— Сюда! — ответил Пантелимон, не подумав о том, что даже не спросил, находится ли он в Бэйень или в Лунке, в хате Некулая Тимофти или у другого мужика. На душе у него было весело, радостно, он с удовольствием пил рюмку за рюмкой и разговаривал. А хозяин все наливал и смеялся. Но, собственно, почему он смеялся? Ах, да! — он о чем-то говорил с женой. О нем говорил. Над ним смеялся…
— Ха-ха-ха! Погляди-ка на него! Ты слышишь, Ана! Добрался до места! Ха-ха-ха!
Женщина, сжав губы и нахмурившись, кольнула его недовольным взглядом и хотела убрать со стола бутылку. Но муж схватил ее за руку и снова захохотал.
— Ха-ха-ха! Ты что, не слышишь? Он пошел к Некулаю Тимофти, потому что к нему послал его Стратулат и завтра утром его оттуда заберет.
Женщина вырвала руку и повернулась к плите, чтобы вновь наполнить миску.
Тут хозяин подмигнул ему и налил еще рюмку. Пантелимон развеселился, подмигнул в свою очередь хозяину и притворился серьезным. Но его разбирал смех, непонятно только почему. Ведь нужно было встать и уйти к Некулаю Тимофти. Надо было поблагодарить и уходить. Почему же он не встал из-за стола? Нет, он встал. Он хотел уйти. Он уже понял, что находится не у Некулая Тимофти, и хотел уйти. Но его начали уговаривать и хозяин и хозяйка. Куда он пойдет среди ночи? Вон какая вьюга разыгралась! Слышите, как завывает ветер, как скрипит журавль у колодца, как скулит собака под дверью. А до села, до этого самого Некулая Тимофти, около часу пути, через пустынное поле, болото и кустарники.
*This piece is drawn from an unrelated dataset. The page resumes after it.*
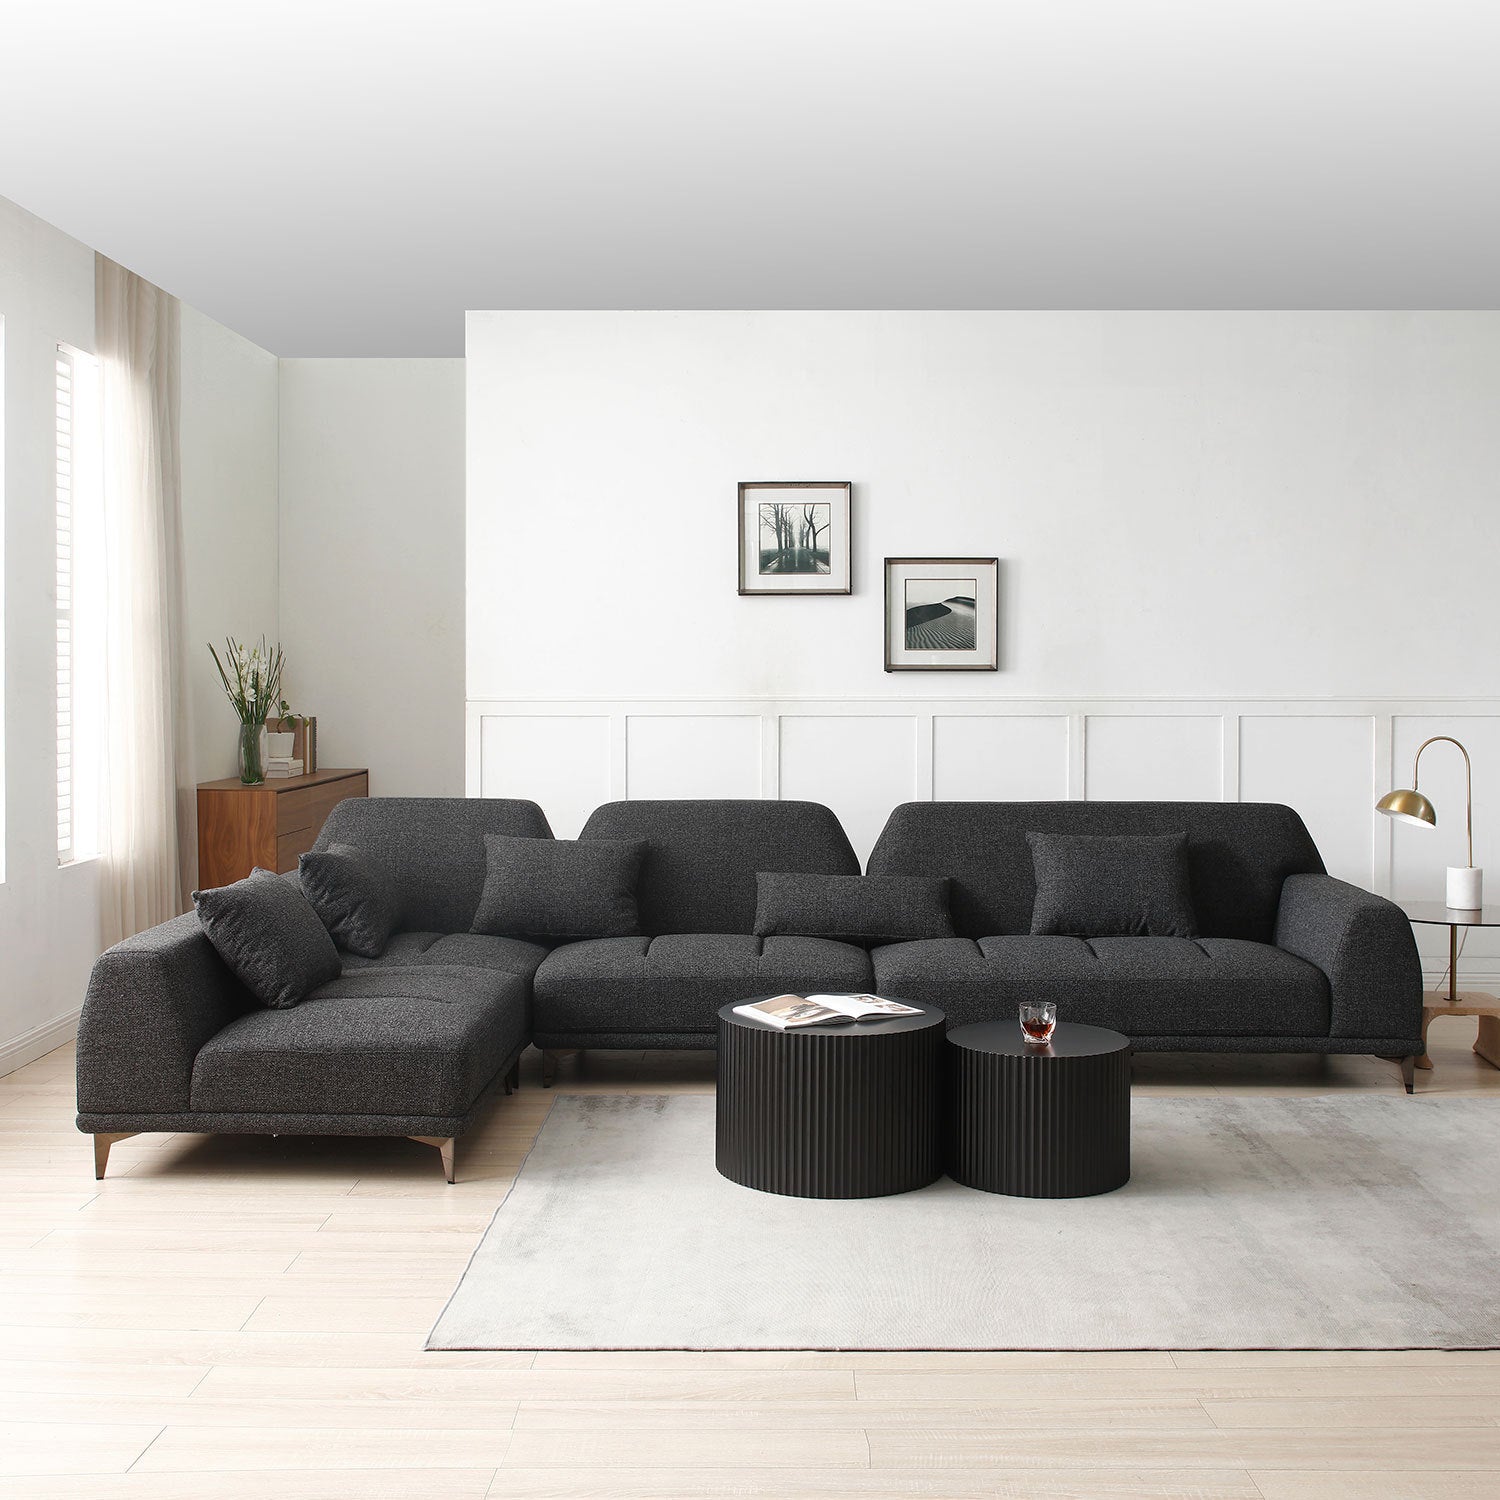 Modern Convertible Sectional Sofa in DARK Grey Fabric - Enova Luxe Home Store

Он заставил себя уговаривать, хотя прекрасно знал, что не ушел бы оттуда, даже если бы его прогоняли. Да, так все и было. Остался у каких-то неизвестных людей, в доме, который, как назло, попался в поле на его пути. После этого он беззаботно лег спать. Еще спросили, не оставить ли ему на ночь лампу. Они всячески за ним ухаживали, но их мысли были так же черны, как и ночь на улице. Как эта ночь, которая может поглотить его навеки. Ведь теперь кто знает, что он здесь? Никто. Все спят. Все крестьяне в Бэйень, Лунке, Богате спят, как спят люди и во всех других селах. Никто не знает, что он, Пантелимон Матаке, находится в заброшенном домике где-то в пойме Молдовы. Кто вспомнит завтра о Пантелимоне Матаке? В городе знают, что он где-то в селе, а мужики знают, что он пошел в город. А в это время его труп будет валяться где-нибудь в овраге или воды Молдовы прибьют его к корням старых вязов.
— Уснул?.. — вдруг услышал он шепот хозяина в соседней комнате.
— Когда ты наконец угомонишься? — раздраженно ответила ему жена тоже шепотом.
Пантелимон оцепенел от ужаса. Его так и подмывало вскочить с постели и убежать раздетым, с одной только сумкой в руке, но он почувствовал, что силы его покидают, и им овладело ощущение какой-то пустоты; сердце стучало молотком, и удары его отдавались в висках. Несколько мгновений он оставался недвижим, словно мертвец, потом пришел в себя. Мысль его лихорадочно работала. «Они» в той комнате. Здесь, у самого изголовья, окно. Надо одеться, выпрыгнуть в окно и бежать. Куда? Ведь хозяин мигом его догонит. Ведь это великан. Куда до него Пантелимону! Его только одежда делает солидным, а шапка — высоким.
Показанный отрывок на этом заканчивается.